**DATA LISTING:**
=== Section Start ===
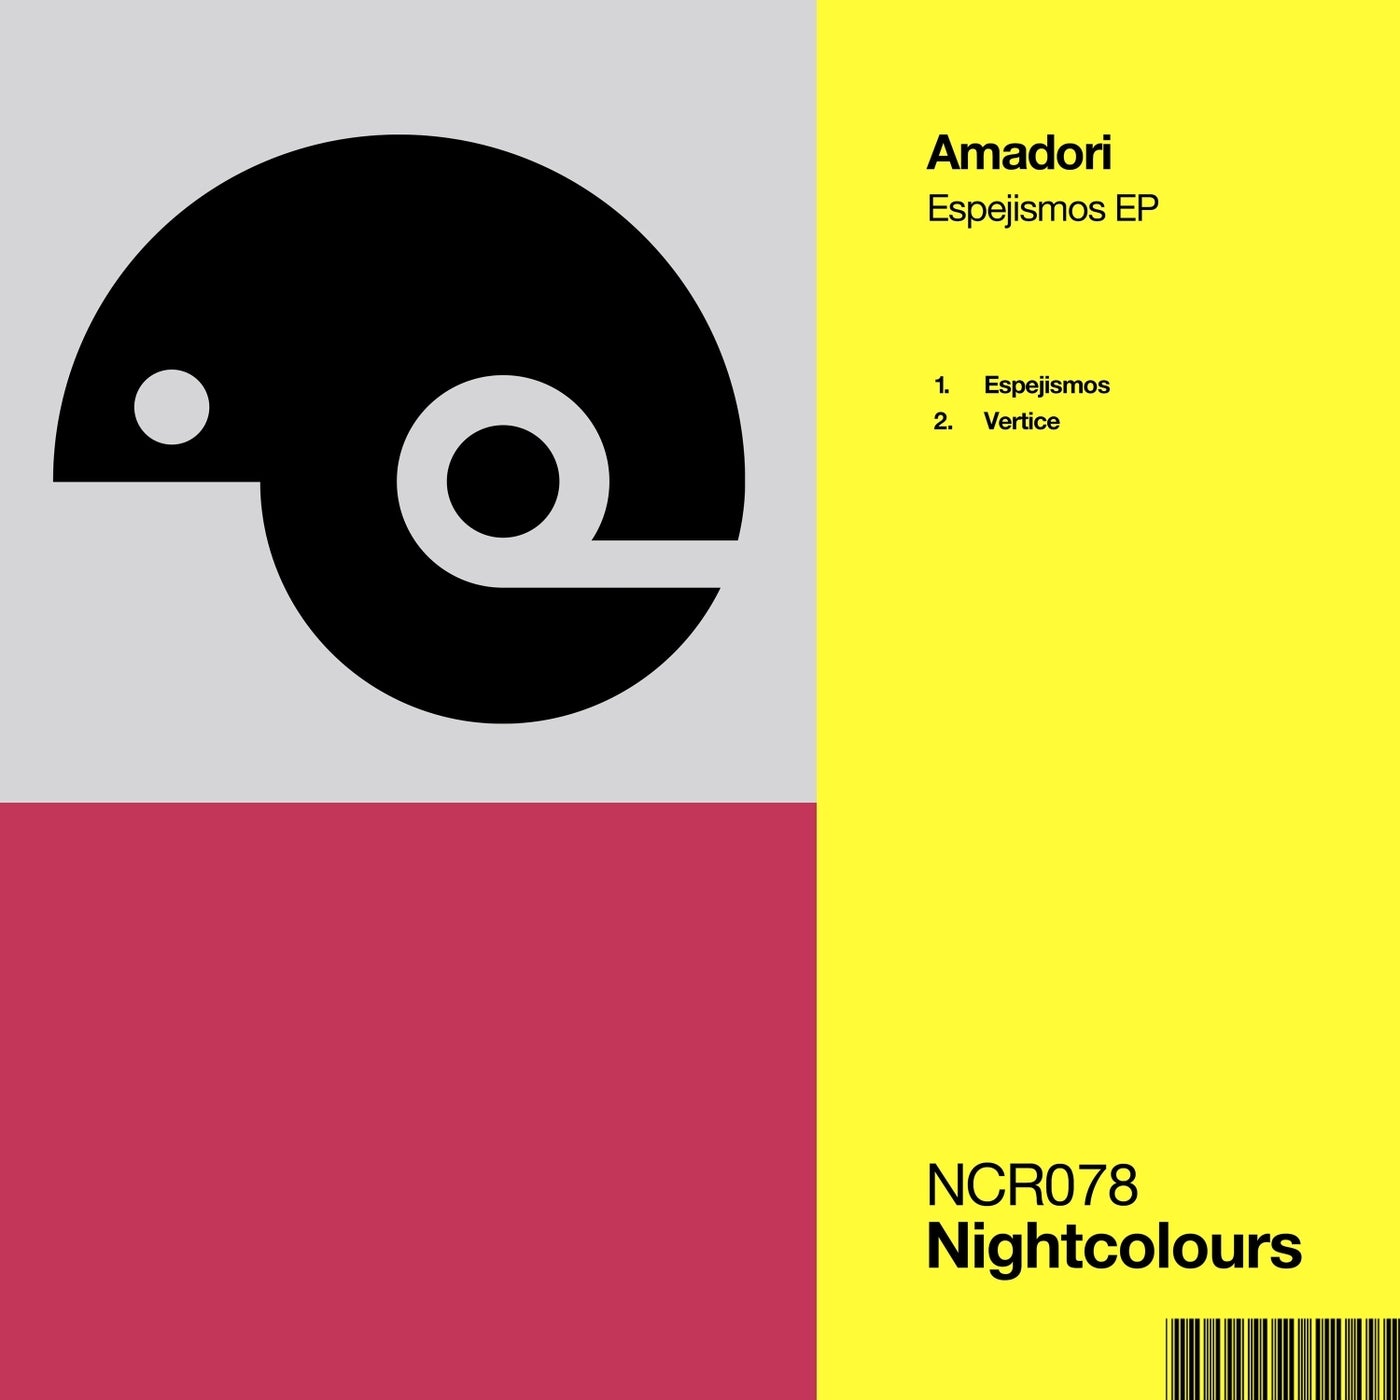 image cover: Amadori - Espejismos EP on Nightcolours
=== Section End ===
=== Section Start ===
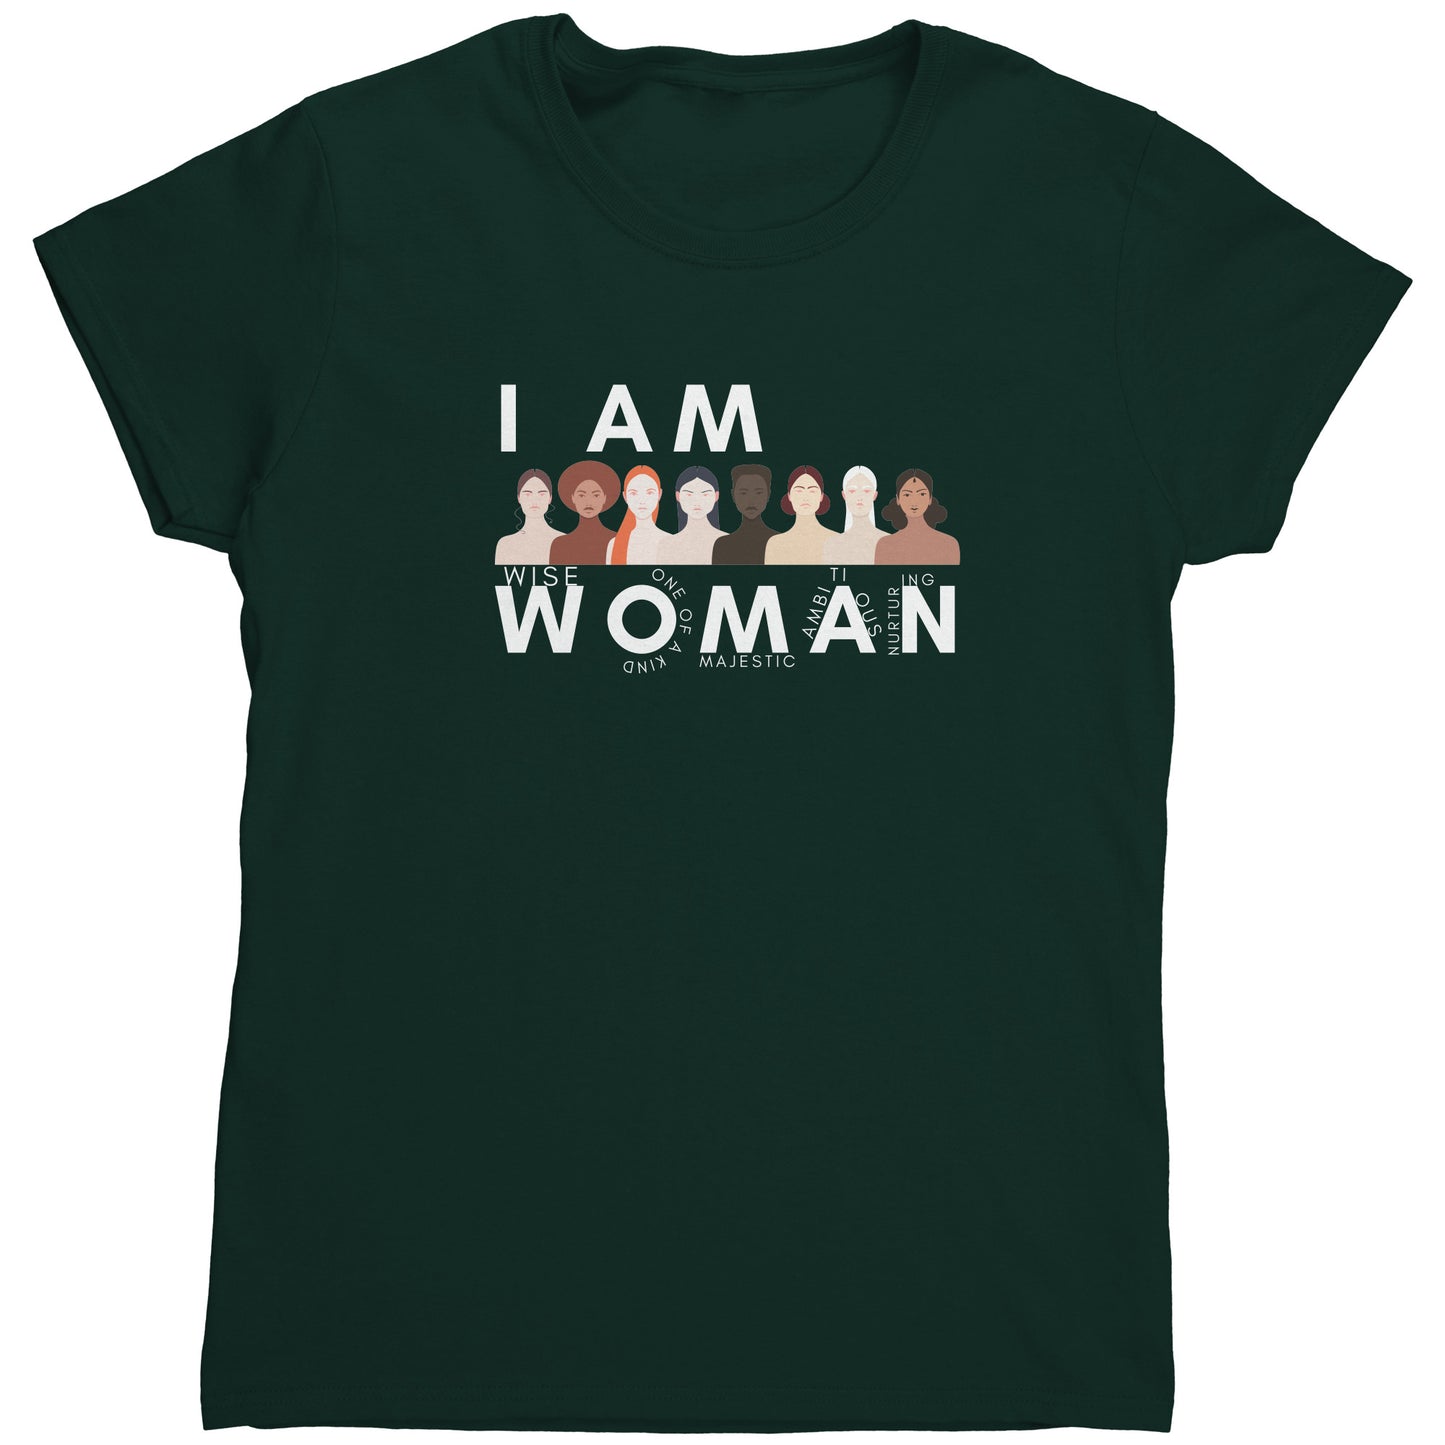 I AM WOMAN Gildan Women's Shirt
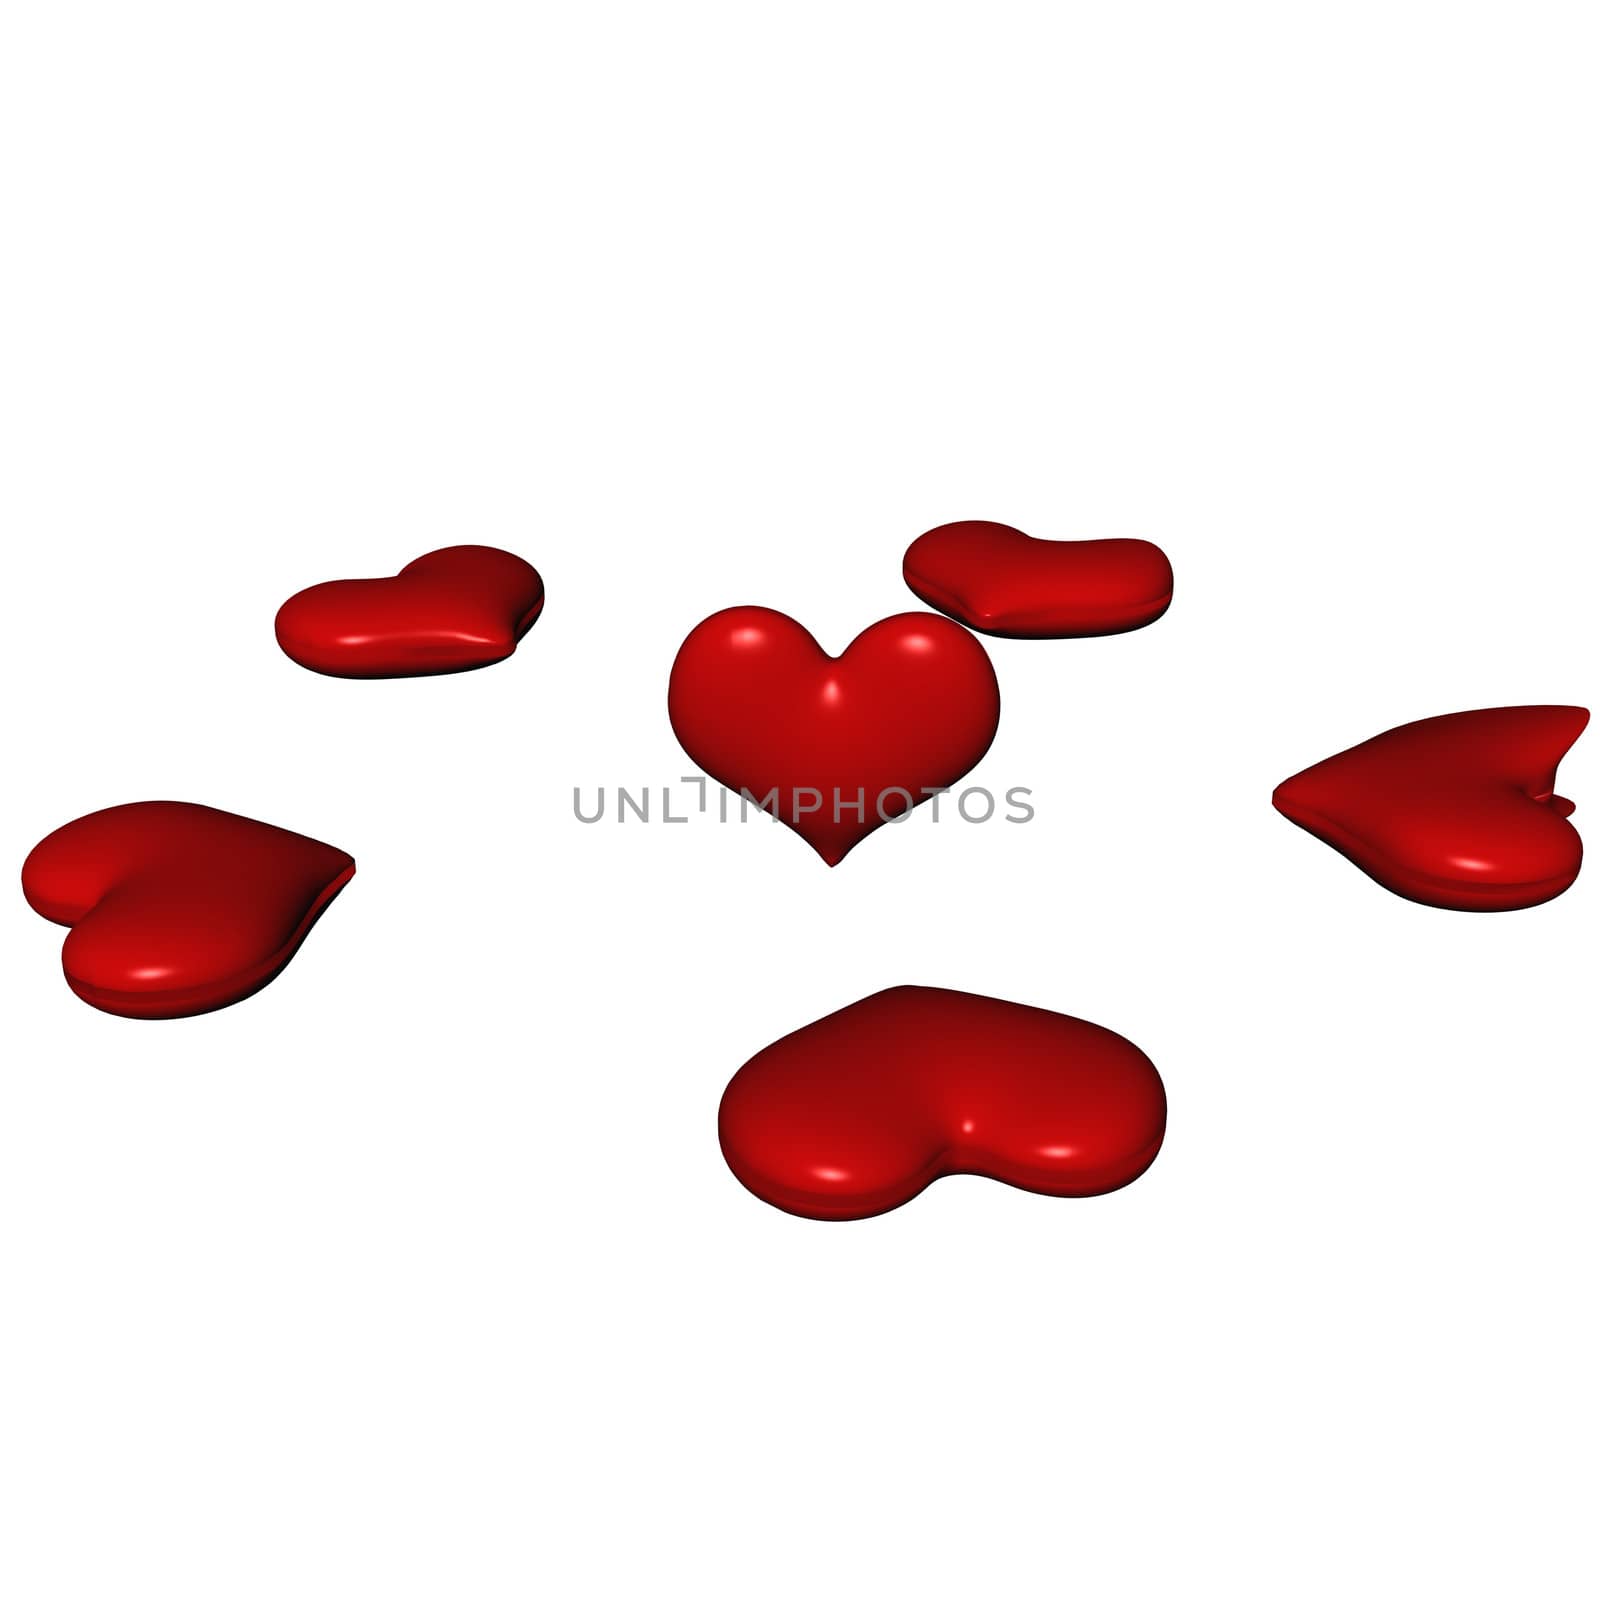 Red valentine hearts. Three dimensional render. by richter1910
=== Section End ===
**DESCRIPTION OF THE TASK:** Give again the lines of the listing above that run from the one with "I AM WOMAN Gildan Women's Shirt" up to and including the one with "Red valentine hearts.". Keep them exact and omit the pictures.

**RESPONSE:**
 I AM WOMAN Gildan Women's Shirt
 Red valentine hearts. Three dimensional render. by richter1910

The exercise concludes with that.